A story I’m currently covering in depth is about a woman accused of murdering two of her adopted children. The alleged crime alone is horrific and I’ll spare you the details here, but just know the way a young boy and girl are believed to have died haunted me after hearing police reveal what happened to them. I stay with that story because it’s not over and a trial has yet to be held. A colleague of mine and I have teamed up to work on a bigger story regarding this and that’s what’s driven much of my passion at work; providing answers to people who deserve them.

The doom and gloom I’ve had to cover is why I stopped avoiding the necessary act of going to therapy. With the pressures of work, life outside work, and general existence, getting therapy has already given me some tools to cope with the pressures of my life. The last time I received therapy was roughly two years ago; however, the therapist and I didn’t vibe well and I just avoided finding someone. After two sessions with my current therapist, I feel as though she’s interested in providing helpful feedback before the typical three visits before treatment that I’d previously experienced.

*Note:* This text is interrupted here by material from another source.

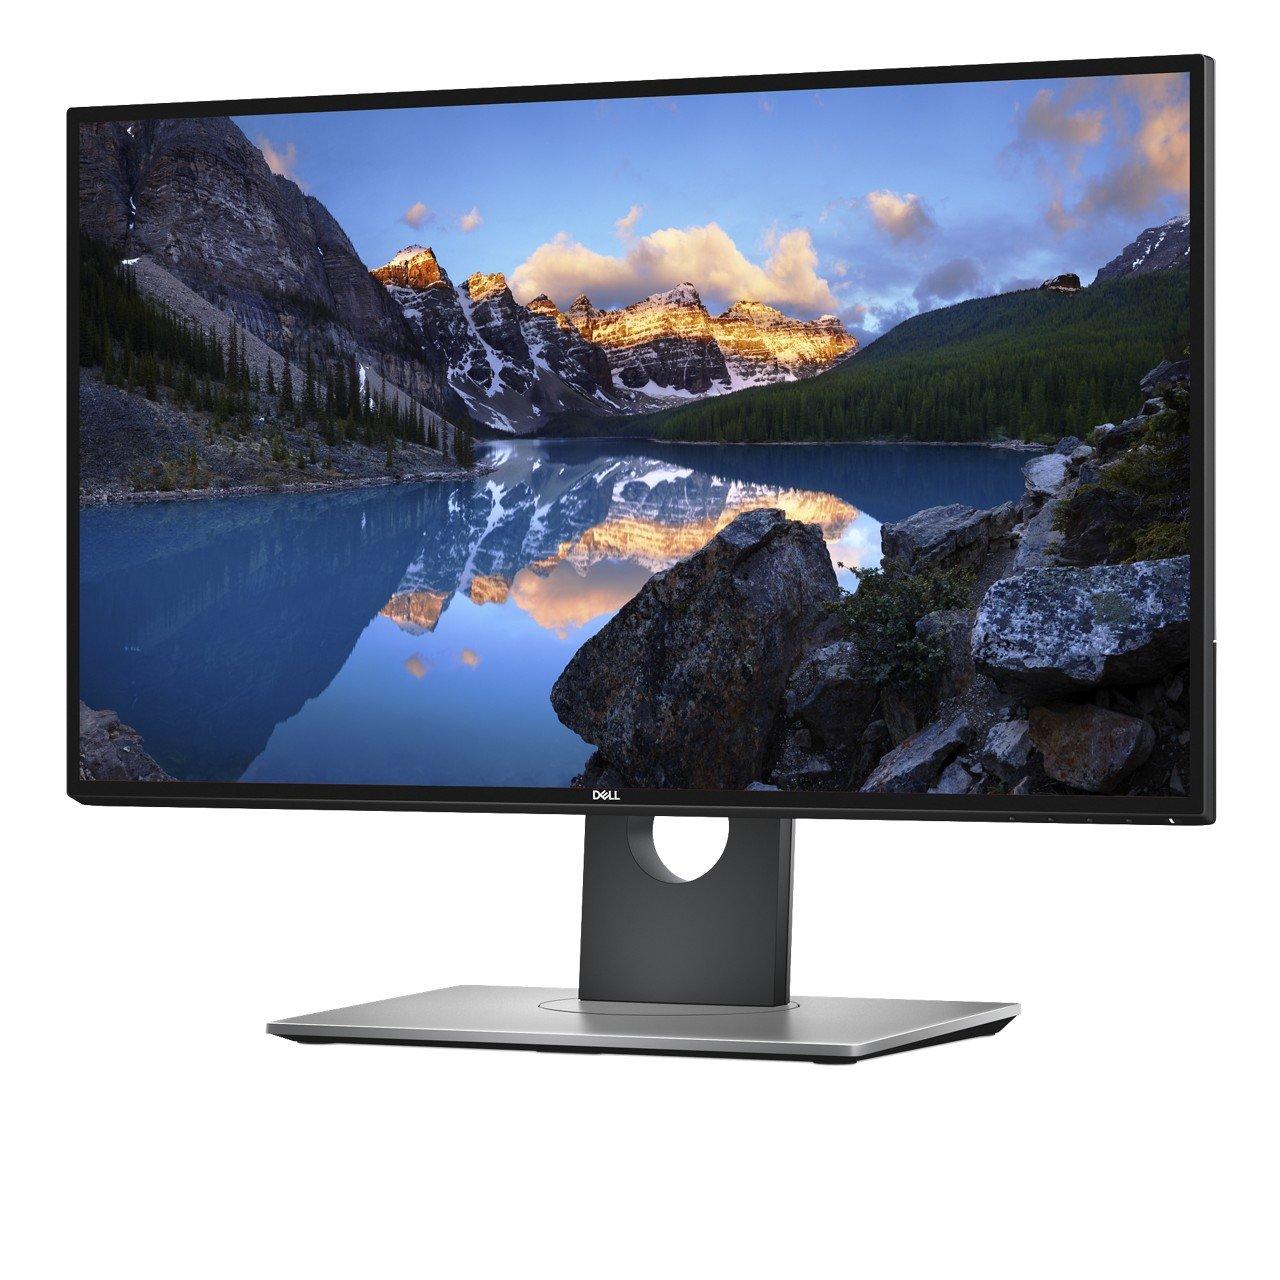 Dell Ultra Sharp LED-Lit Monitor 25'' Black (U2518D)  2560 X 1440 at 60 Hz  IPS  Vesa Mount Compatibility

As for why I avoided therapy: fear. Having to address the things that wear you down can, itself, wear you down. I came up with every excuse in the book for why I didn’t look for a therapist. In addition to increasing my dosage of anxiety medication, and praying to God in a steadfast manner, therapy has helped me to reduce my level of worry and to unpack the things I can and can’t control. I’m the type of person who desperately wants to be in utter control of my life; however, that’s not the strategy that’s going to give me the growth that I need as a human. I need to understand there are some things I can control and many other things I can’t, and that’s okay. I often want to provide as much help as I can to the various people who call my work phone and request me to cover their stories, but that’s unrealistic; I can’t tell every story out there. That used to bother me greatly because I felt as though I wasn’t working hard enough to tell the stories that mean the most to the community.

This is why I worry about telling the stories I can tell. People deserve answers, certainly, but I’ve tried to remember that I’m just one person. I can’t do all the things. So instead, I’ll do the things I can handle and learn to let go of the things I can’t.

Seeing a therapist also helps me avoid throwing all my woes at Kristie. Don’t get me wrong, she’s an incredibly important part of my life, but she’s not equipped to handle some of the distressing subject matter I need to talk about. Having a neutral third-party individual examine my situations and provide helpful feedback and suggestions for handling them removes the burdening Kristie with the same things that stress me out. Truly, I’m already seeing a noticeable difference in my approach to addressing a heavy workload in life.

In any case, I understand therapy is not cheap and that not everyone can afford it. If you’re interested in seeking help, see if your employer provides any Employee Assistance Programs (EAP). Years ago, one of my previous employers paid for 5 therapy sessions through an EAP during an very dark period in my life. If you find that you’re in a dark period of your life as I once was and need help when thoughts of suicidal ideation plague your mind, remember you can always call 988 to seek help through the Suicide & Crisis Hotline. It’s okay to not be okay, but know there is help available.